Swire initially invited investors to bid for a 50% stake in Festival Walk. Sovereign wealth funds and private equity funds were seen as likely buyers although strategic investors like Mapletree were also invited to bid. As the process unfolded, Mapletree expressed an interest in having management control of Festival Walk, at which stage the two parties started to talk about a 100% sell-down. Mapletree was awarded exclusivity at the end of June, prompting a flurry of media attention about the deal.

Mapletree is a 100% subsidiary of Temasek. Festival Walk is Mapletree’s first commercial property acquisition in Hong Kong and the buyer intends it to be a seed asset for a portfolio of Hong Kong commercial properties.

“What is especially attractive about [Festival Walk] is that the rental income has increased consistently year-on-year since inception, reflecting the quality of the mall,” said Hiew Yoon Khong, Mapletree group chief executive officer, in a written statement.

Hiew also said that the deal reinforced Mapletree’s strategy to grow in key Asian markets. The deal increases Mapletree’s assets under management by around 20% and increases its overseas assets to 41% of its total portfolio.

As well as property, Swire Pacific is also involved in aviation (it is the biggest shareholder in Hong Kong’s flagship airline, Cathay Pacific, with a 40% stake), beverages, industrials, marine services and trading. Swire Pacific is listed on the Hong Kong Stock Exchange. It is controlled by a UK-based private company, John Swire & Sons, which owned around 41% of its capital and around 58% of its voting rights as of December last year.

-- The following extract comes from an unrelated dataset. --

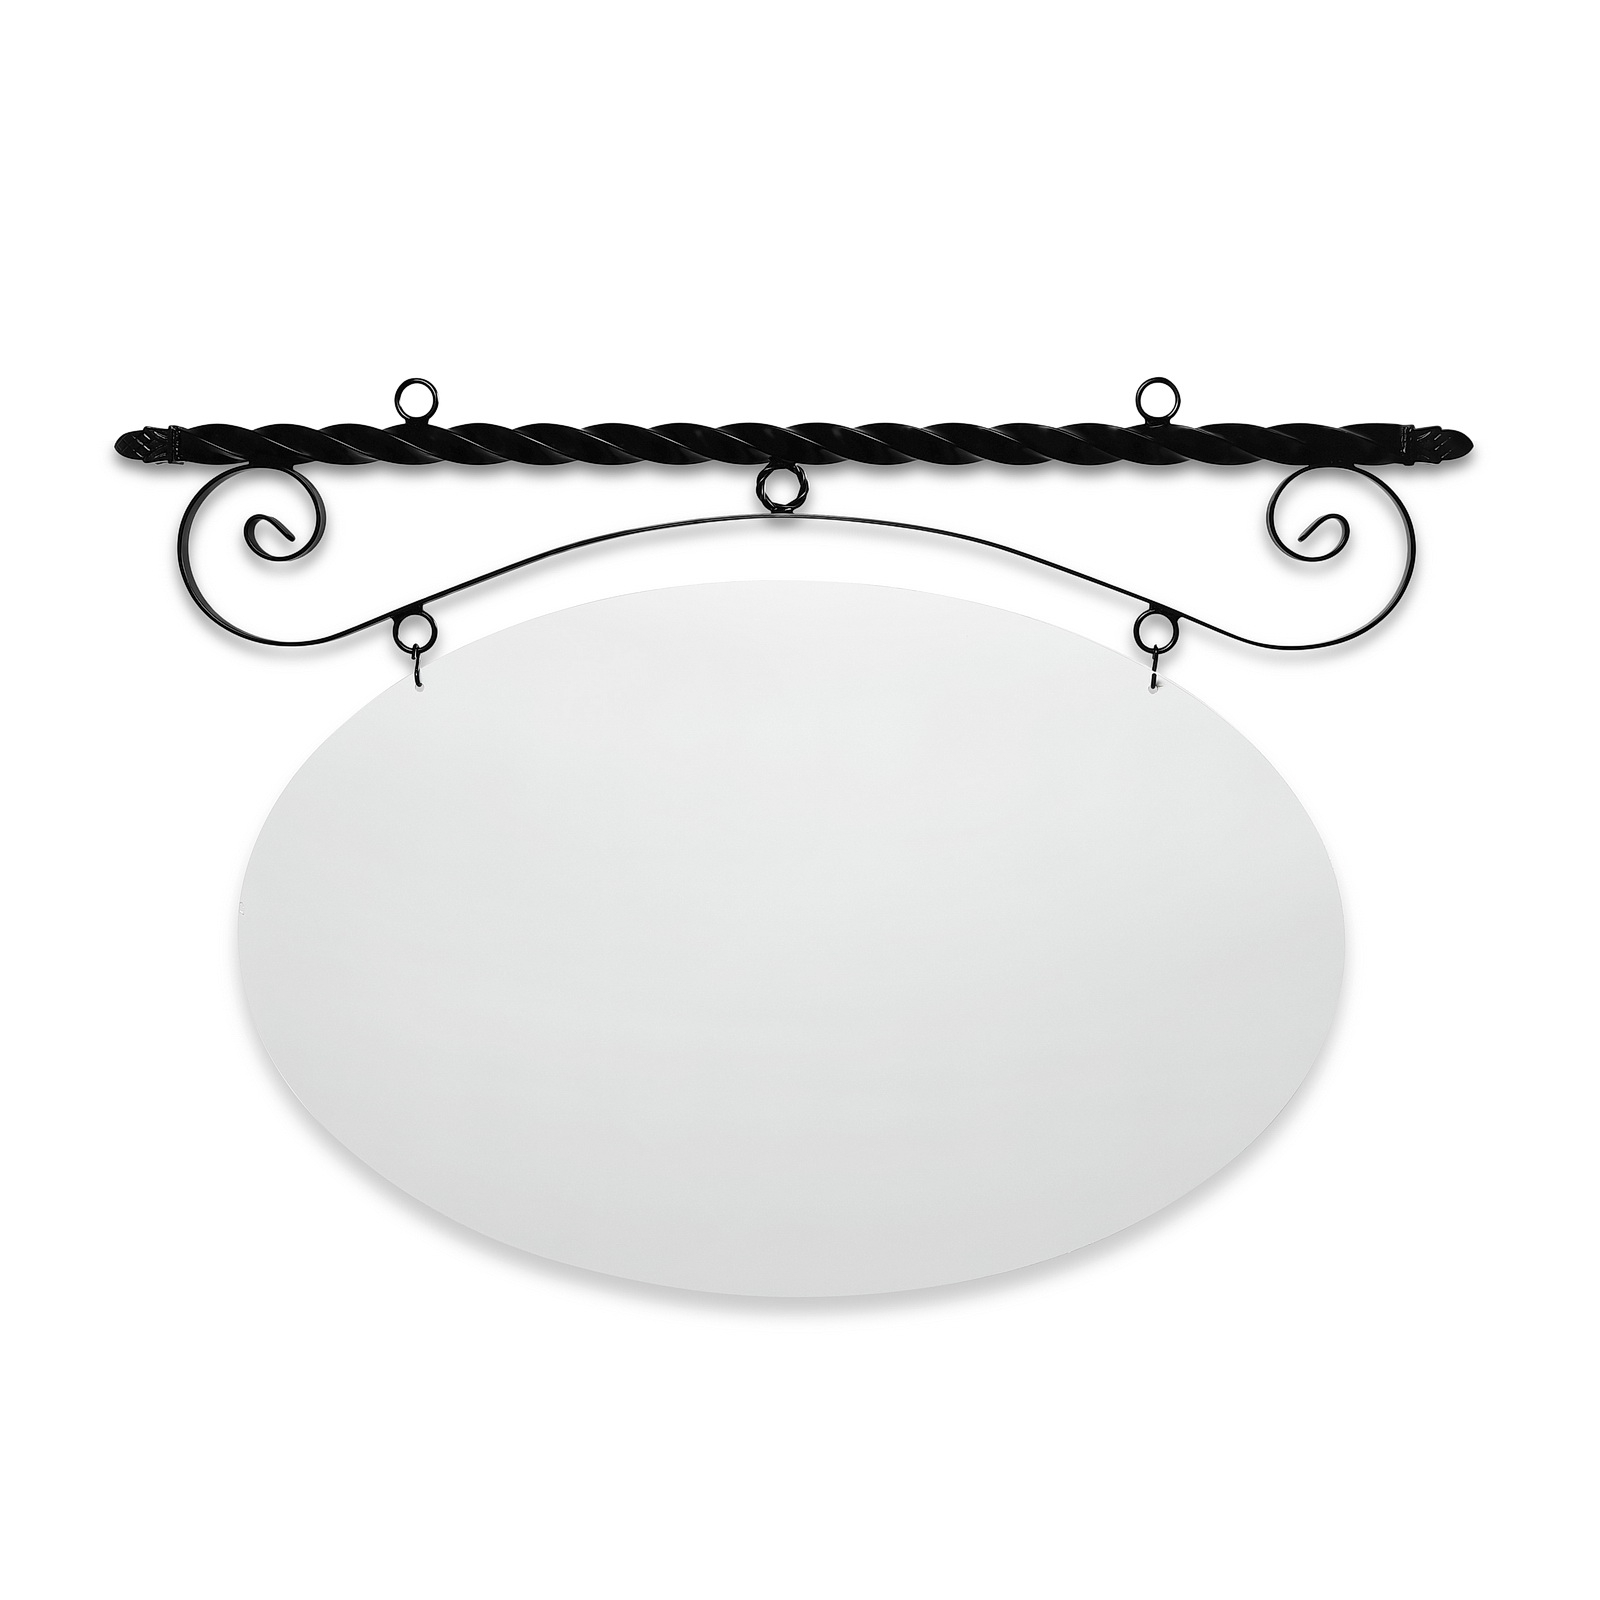 48'' Wide Ceiling Mount Bracket in  Black Powder Coated Steel with 30'' Tall X 46'' Wide X .080'' Thick White Aluminum Sign Blank and 2 Black Powder Coated S-Hooks (Pineapple Finial)

Both Fitch and Moody’s said on Friday that the sale would not adversely affect Swire Pacific's ratings. The HK$18.8 billion that Swire will receive from this transaction allows the company to sufficiently meet its HK$14.3 billion in debt obligations maturing this year, said Fitch. The sale will “not have a material impact on Swire's recurring cashflow, as Festival Walk only accounts for 8% of Swire's Hong Kong total lettable gross floor area as at end 2010”, it added. The transaction will improve funds from operations to net debt and better position Swire Pacific in its rating category, said Moody’s.